For airline cards in particular, these offers could amount to big business: Loyalty miles programs have become so important to the bottom-line, that some are linking the financial performance of their co-brand partnerships to employee bonuses.
Alaska Airlines began linking 19,000 of its employees’ bonuses to the growth of its co-brand card portfolio with Bank of America in 2017.
The part of the business that sells miles to other companies has grown to represent more than half of profits for carriers such as American Airlines. Delta has said it expects its Amex card partnership to bring in $4 billion in revenue by 2021, which represents an annual increase of $300 million until that point.
6. First EMV, Now NFC
EMV chips made a large impact on payments – issuers evolved cards, merchants changed their hardware and consumers got into the inserting instead of swiping. But could EMV be outdated? The US may have been late to the EMV party, and we may see more of an evolution in the coming year to remove physical card contact all together, thanks to the growth of contactless, near-field communication (NFC) options. NFC allows for a digital connection between the card and the reader through a single tap – thus cutting down more time in the transaction process.
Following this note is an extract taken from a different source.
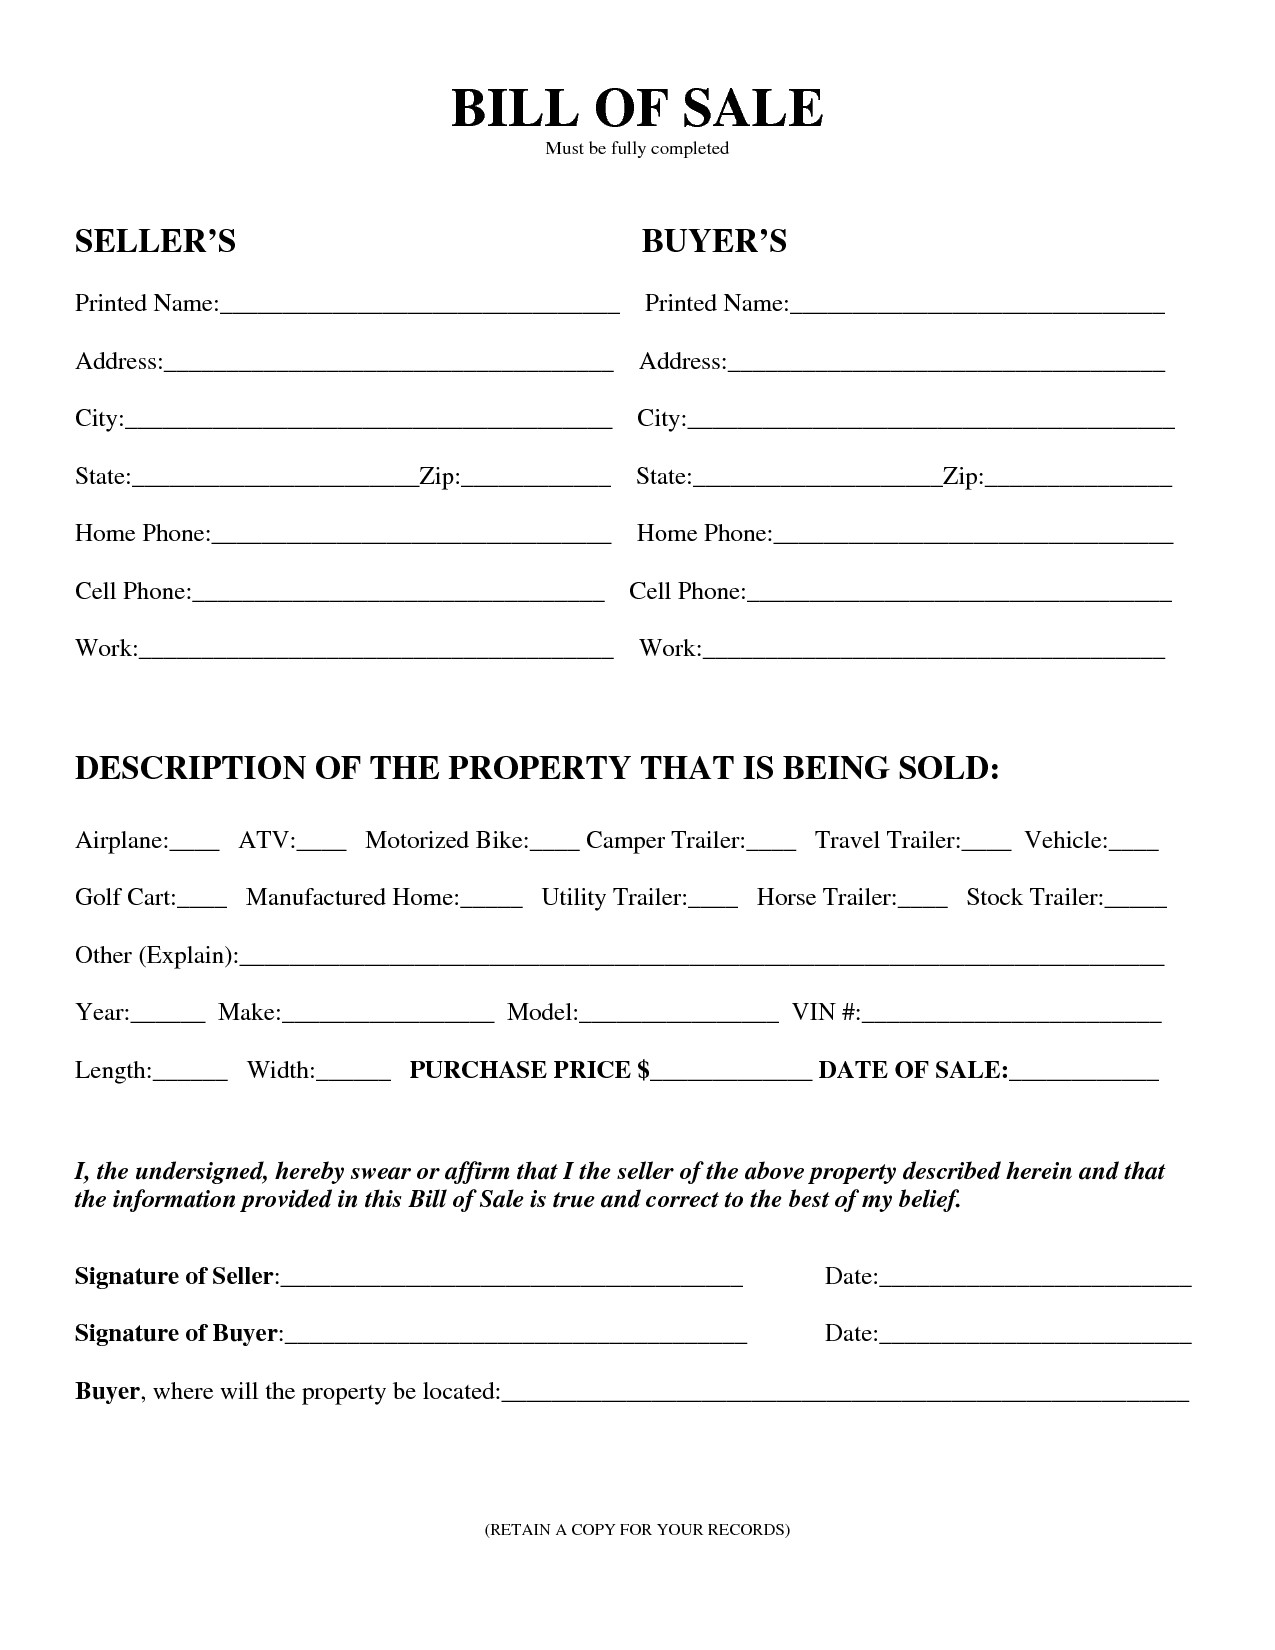 Bill Of Sale Images Download Bill Sale forms – Pdf Templates

A Markets and Markets report found that the global market for NFC is forecast to reach $21.84bn by 2020, growing at a CAGR of 17.1% between 2015–2020. This growth is driven by increased demand for cashless transactions, adoption of smart devices and the growth of commerce.
Consumers have continued to warm up to the idea of NFC thanks to the popularity of wearable devices coupled with an openness to embrace new and emerging technologies. Payment transaction on wearables will reach $501 billion by 2020, growing at a CAGR of 177%. Merchants have embraced QR codes and upgrading systems to NFC terminals may see growth as we move into 2019.